Scene-setting and overview of the book; The DRV, the development goals of unreformed Vietnamese communism and what went wrong – the limits of national liberation; Vietnamese state industry: policy debates before 1979; Vietnamese neo-Stalinism and its feet of clay – from reunification to August 1979; The transitional model of the 1980s: a new solution? Just how important was policy? Spontaneous decentralisation, 1979–1980; The attempted recentralisation, 1980–1985; From the 1986 Sixth Congress to the emergence of the SOE-focused model of the 1990s; State industry: from the early 1990s and the ‘big surprise’ to the gathering problems of the late 1990s and 2000s; Conclusions – state industry and the Vietnamese experience.

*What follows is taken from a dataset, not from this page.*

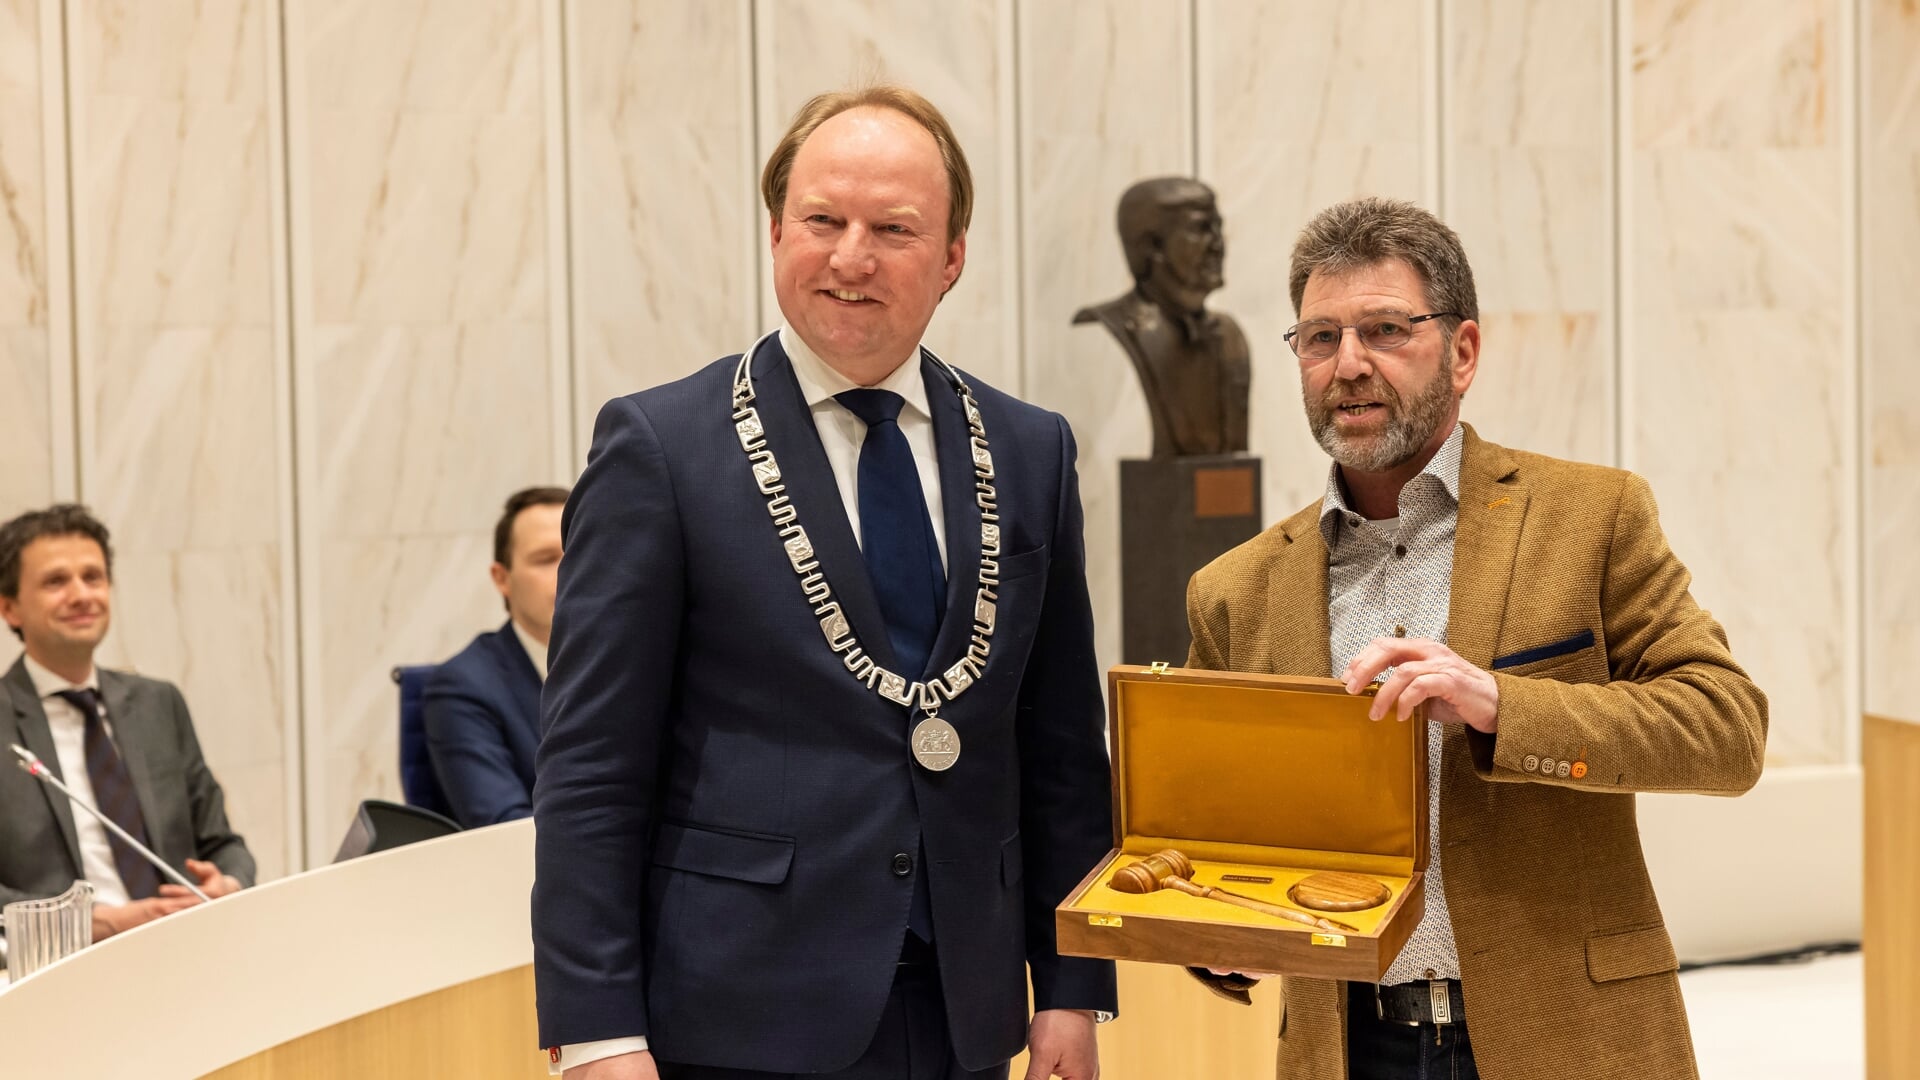 Burgemeester Van der Loo kreeg een nieuwe voorzittershamer van Willem Boutkan, voorzitter van het presidium (Foto: Maarten Feenstra)

This book is based upon extensive and repeated fieldwork, close observation and familiarity with institutional detail. It traces Vietnam’s early attempts to create in State Owned Enterprises (SOEs) a basis for a military-industrial complex, and the ways in which these attempts failed, which explains the nature of state commercialism through the 1980s and into recent years. Since the 1990 breakout to a market economy, Vietnam has shown outstanding development success, with rapid GDP growth, macroeconomic stability, swift poverty reduction, maintenance of social spending and extensive globalisation. Her SOEs have played a major role, not only in showing that performance gains in 1989-91 could compensate for loss of the large Soviet bloc aid program, but also as major players in the rapid economic change of the 1990s, during which the officially reported state share of GDP remained high. By the middle of the 2000s, however, a rising private sector was, in harness with a large presence of foreign companies, sharply increasing pressures upon SOEs. Against this background, the book concludes with an assessment of the extent to which Vietnam’s commercialised SOEs are now no longer seen as an effective compromise, but acting as a major hindrance to Vietnam’s development.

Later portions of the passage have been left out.